### RECORDS
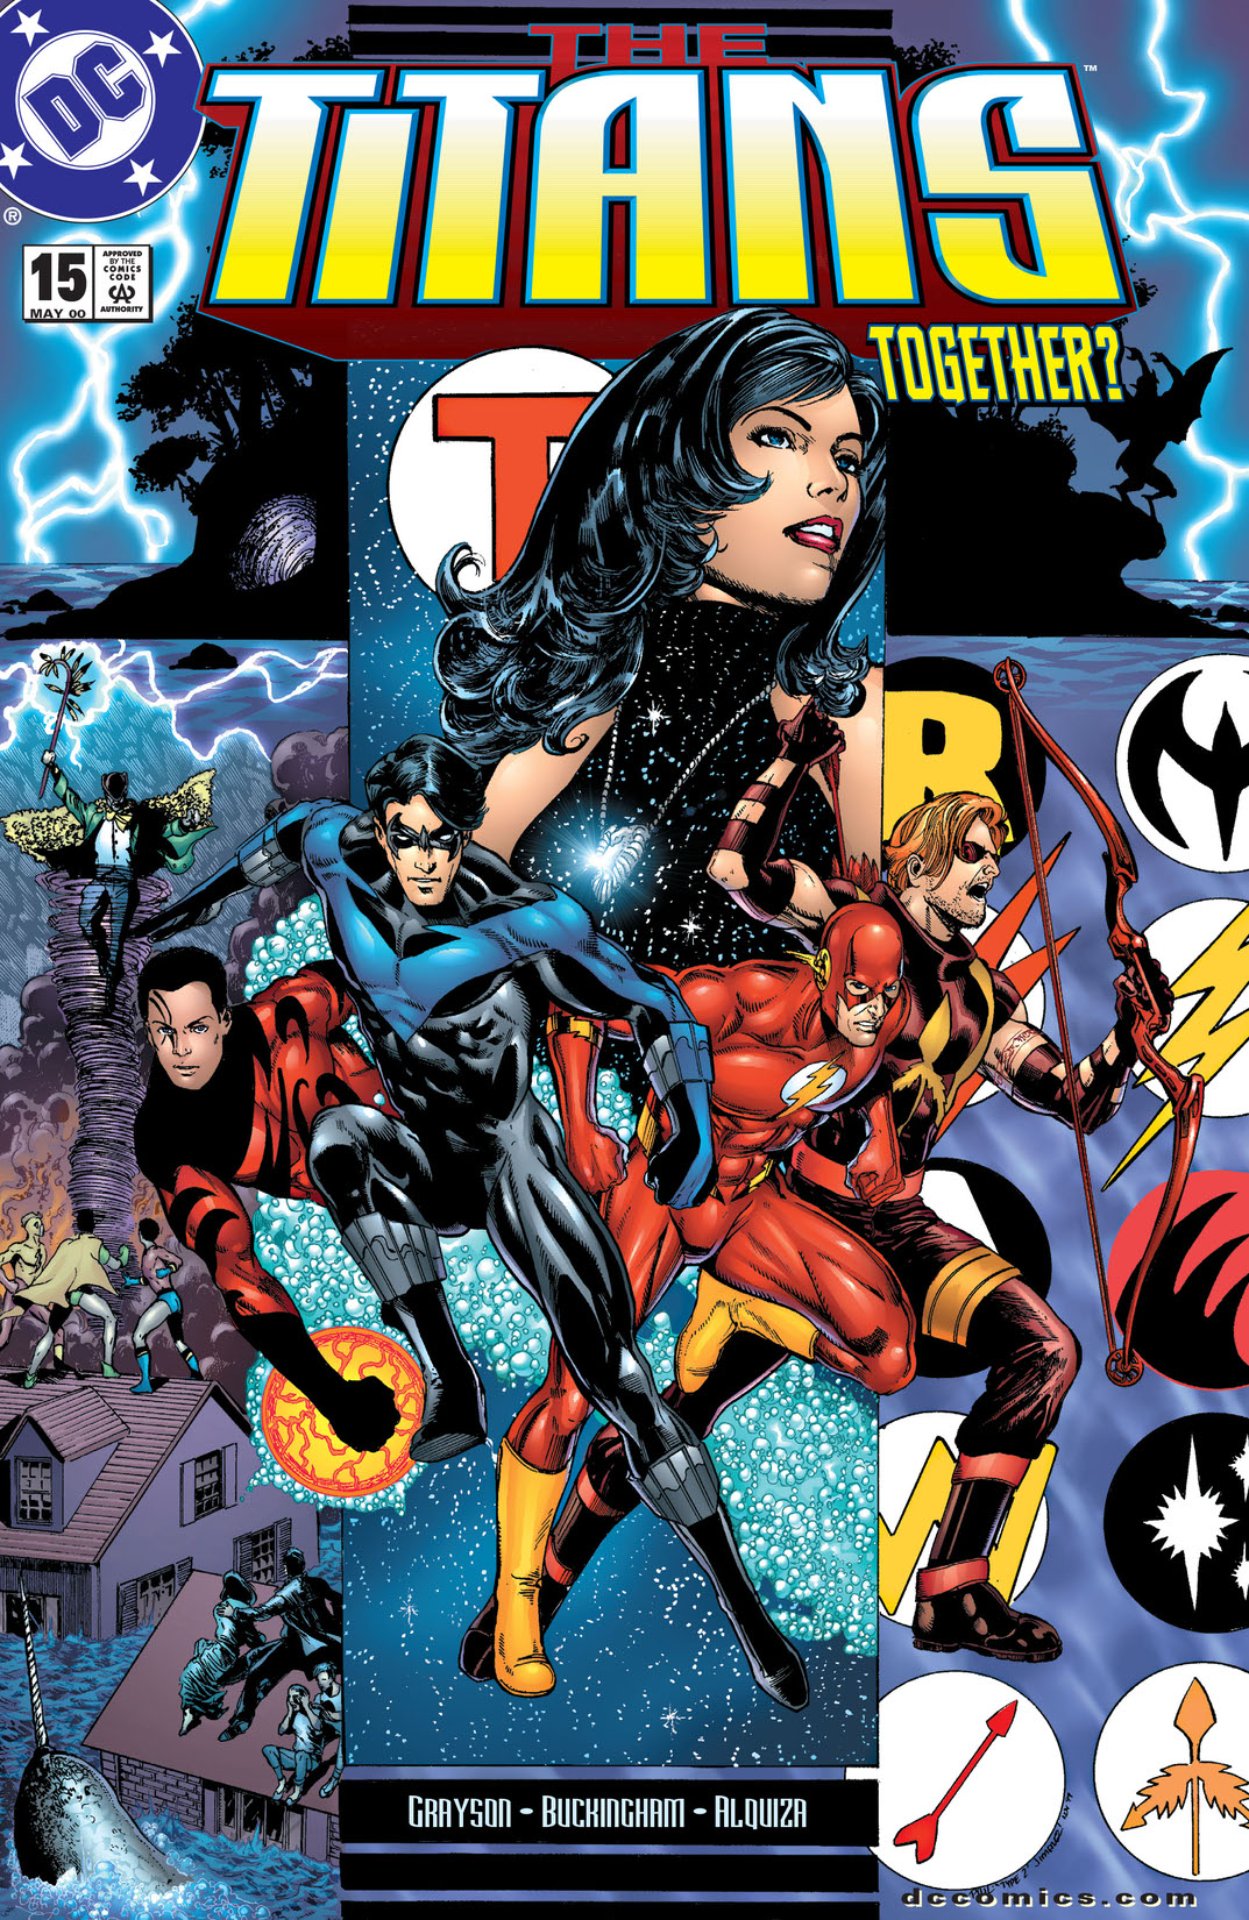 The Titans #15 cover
==
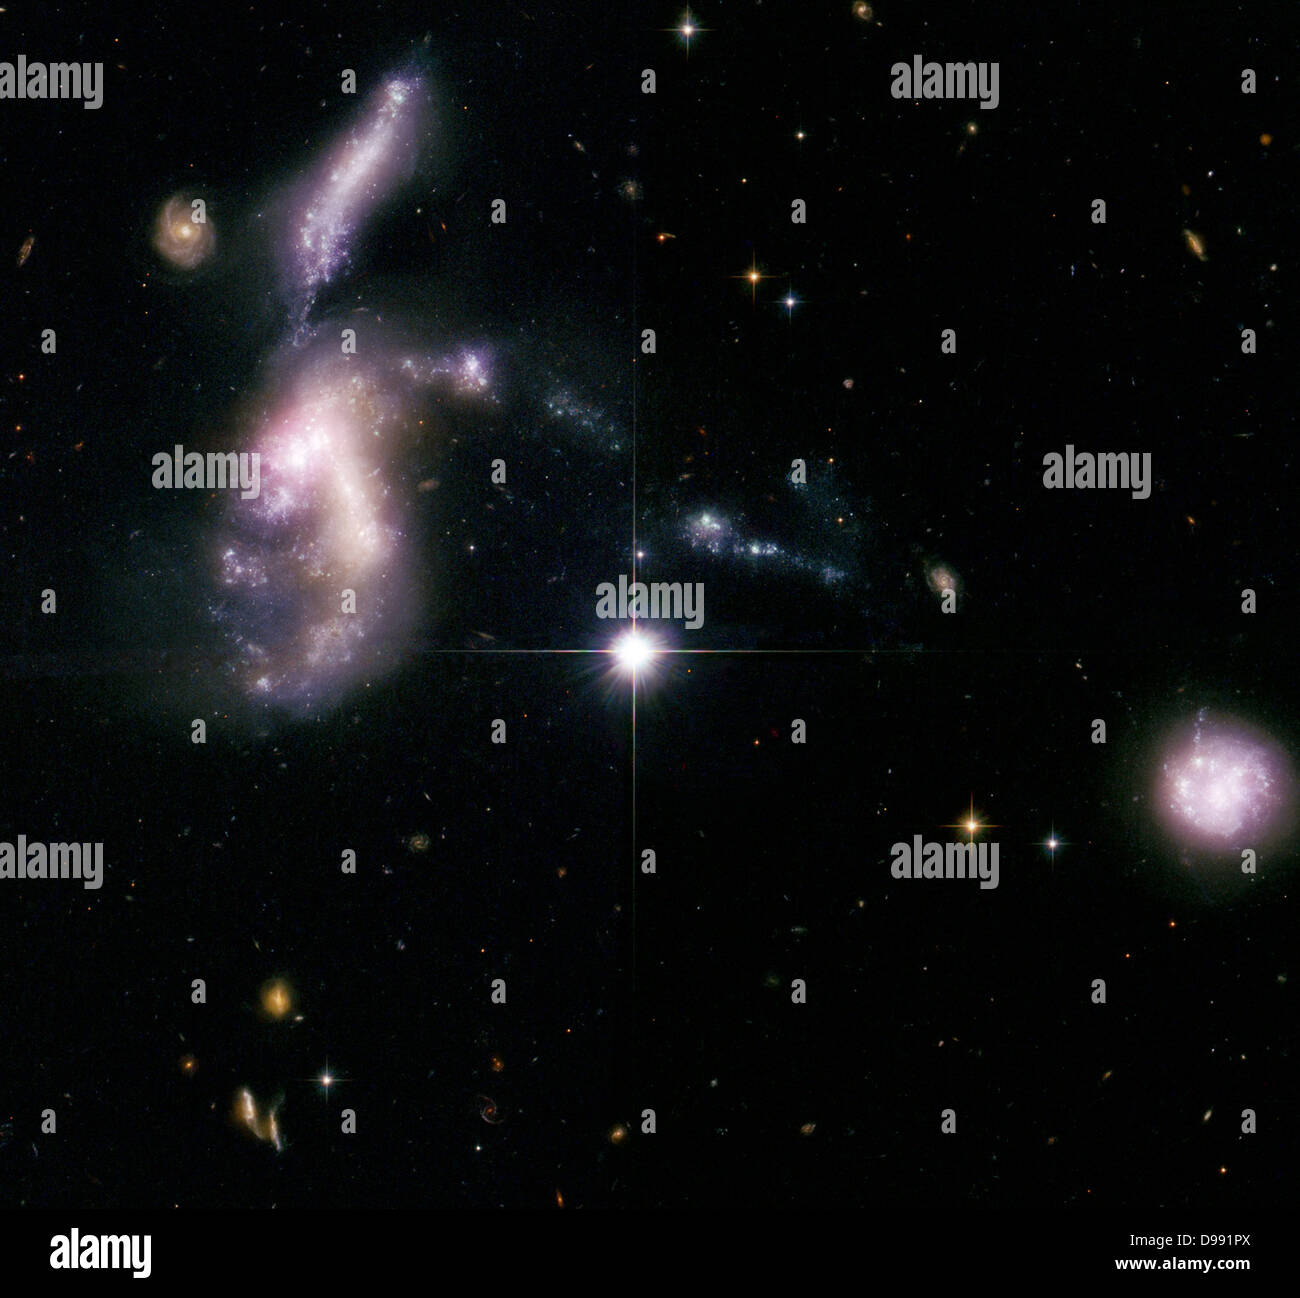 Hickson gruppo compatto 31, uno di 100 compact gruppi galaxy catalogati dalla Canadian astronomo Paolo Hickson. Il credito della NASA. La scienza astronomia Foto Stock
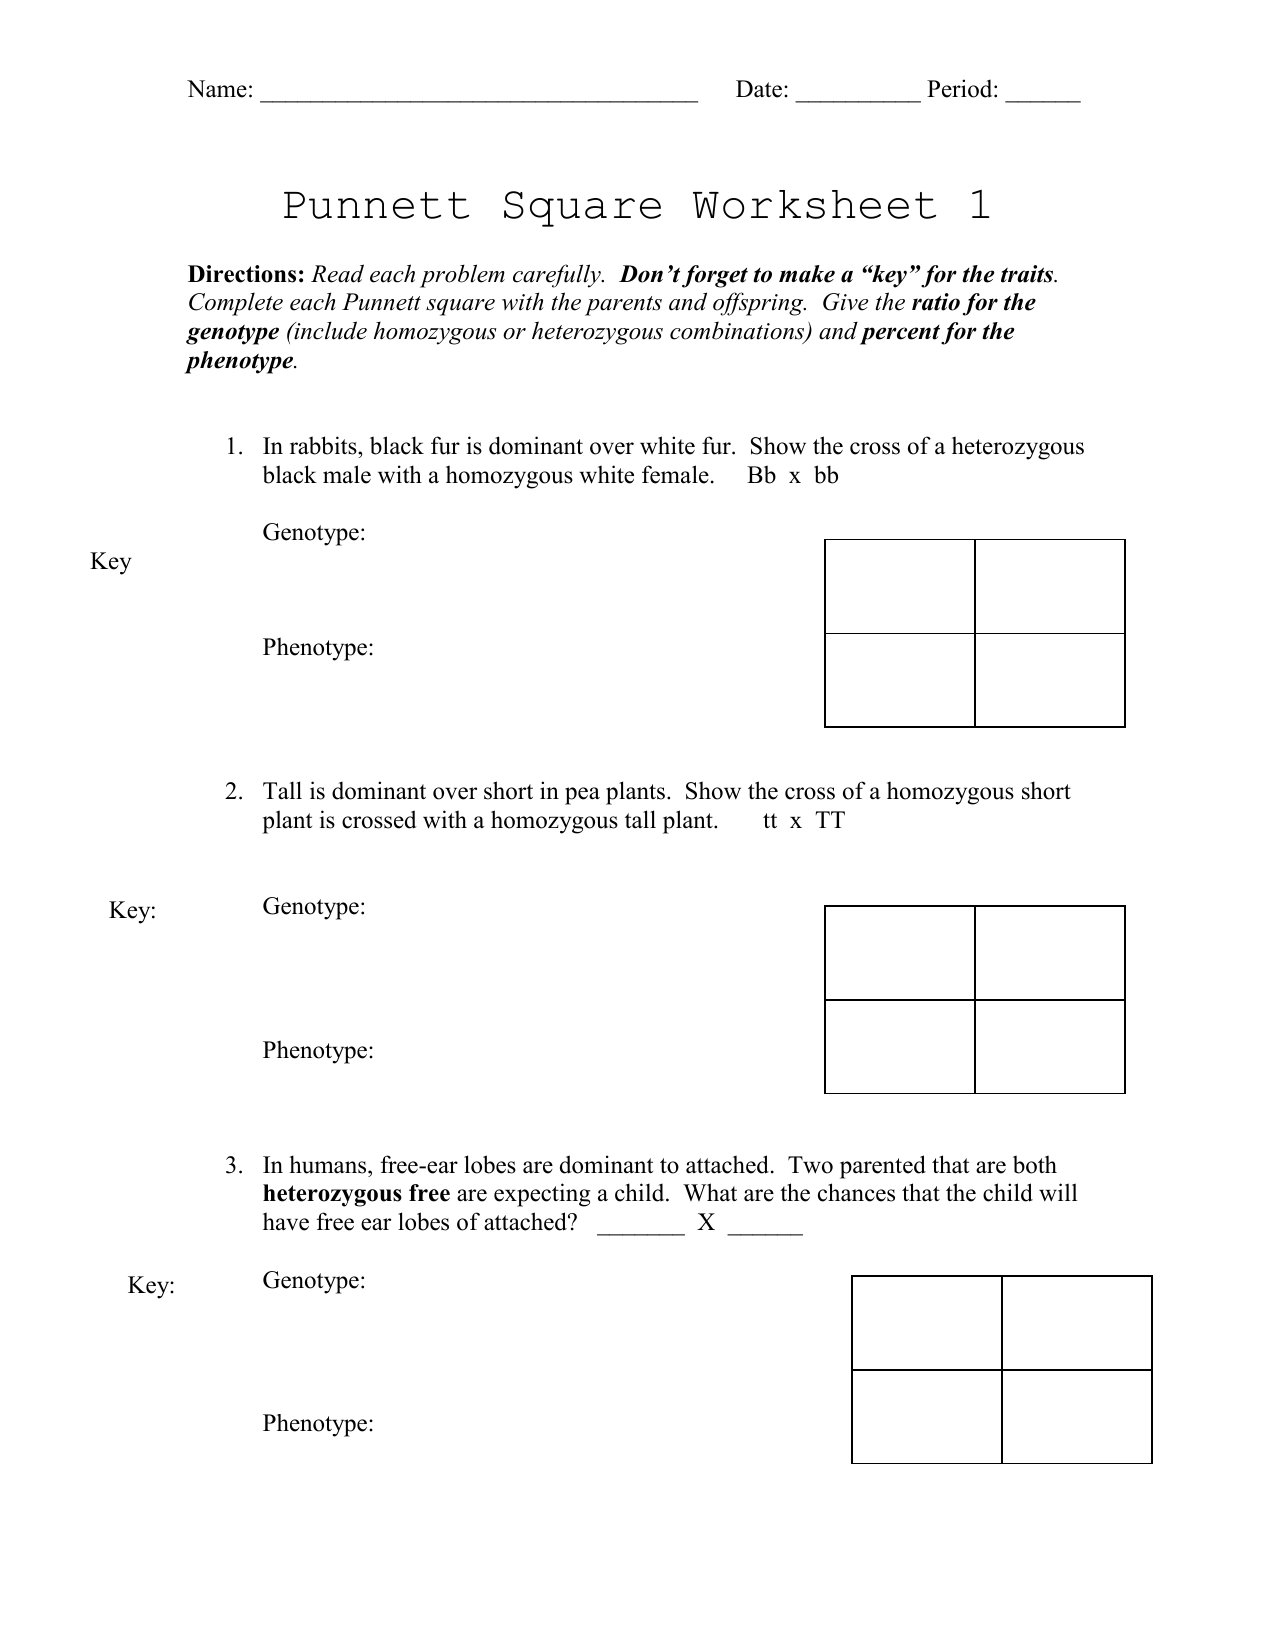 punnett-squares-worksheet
==
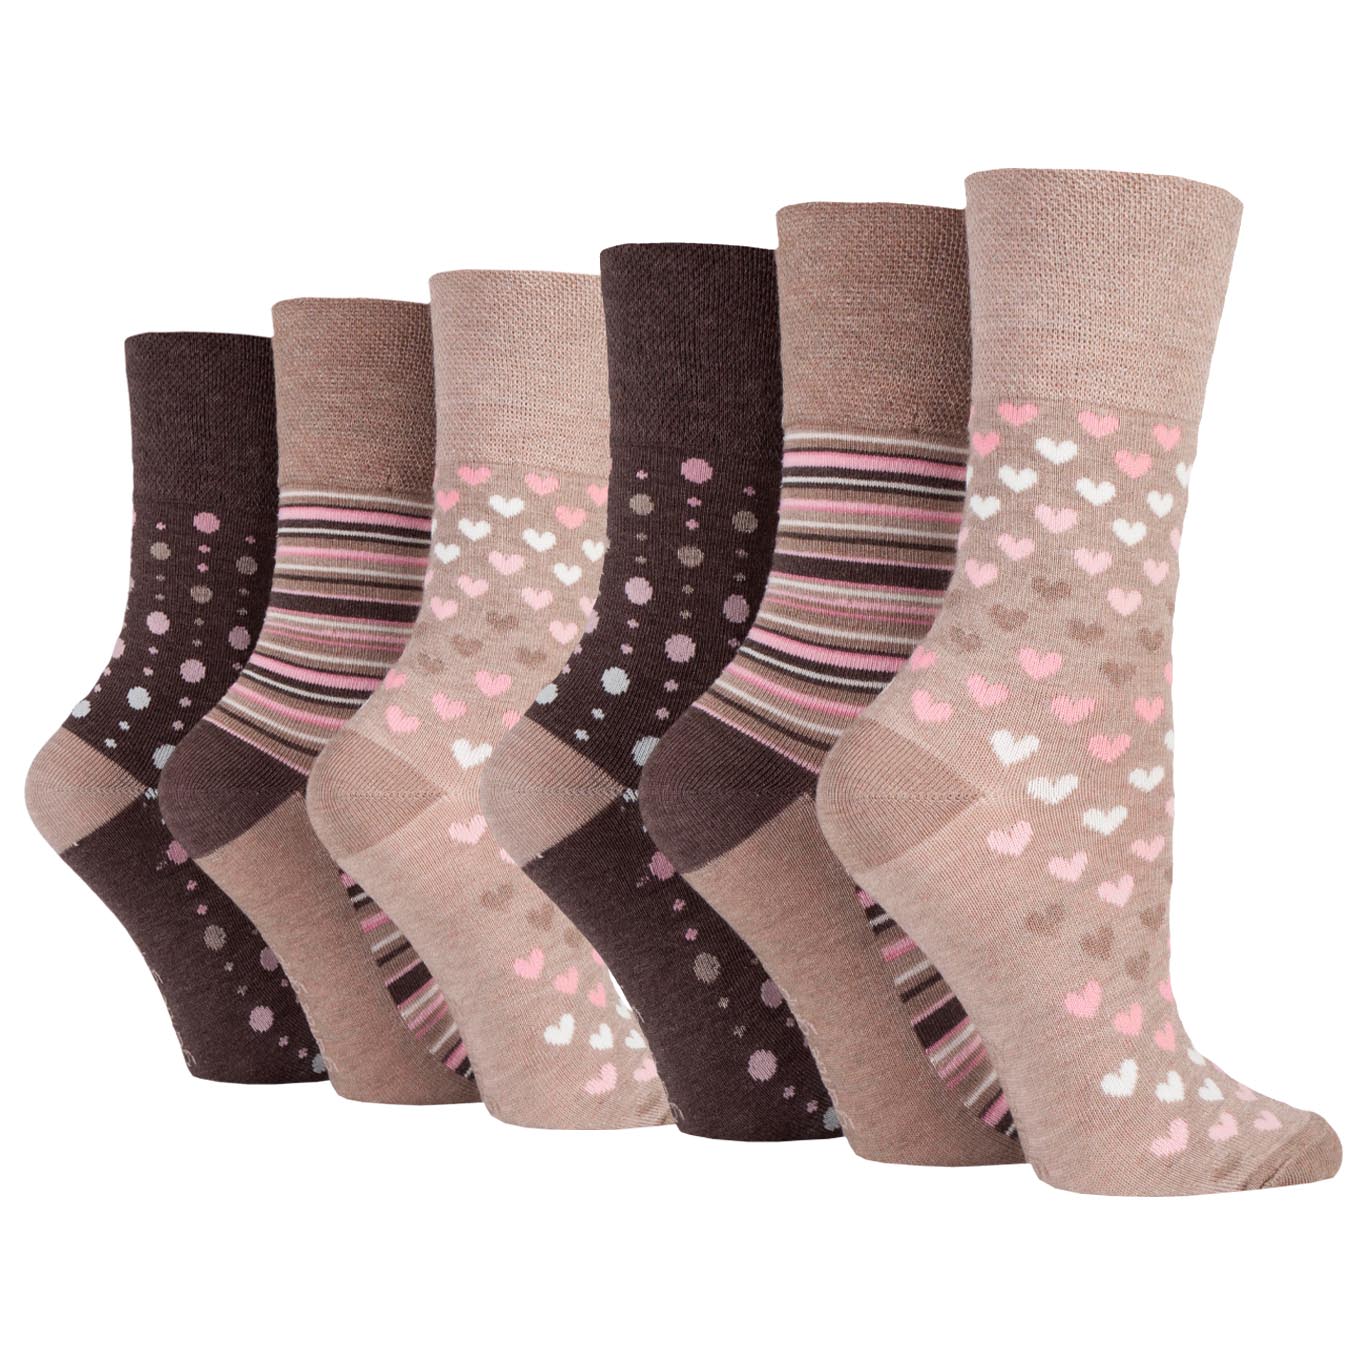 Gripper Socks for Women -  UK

### ACTION ITEM
What is needed is an exact copy of the lines above from the one with "Hickson gruppo compatto" to the one with "punnett-squares-worksheet", both ends kept, and nothing more; please leave the pictures out.

### RESPONSE BOX
 Hickson gruppo compatto 31, uno di 100 compact gruppi galaxy catalogati dalla Canadian astronomo Paolo Hickson. Il credito della NASA. La scienza astronomia Foto Stock
 punnett-squares-worksheet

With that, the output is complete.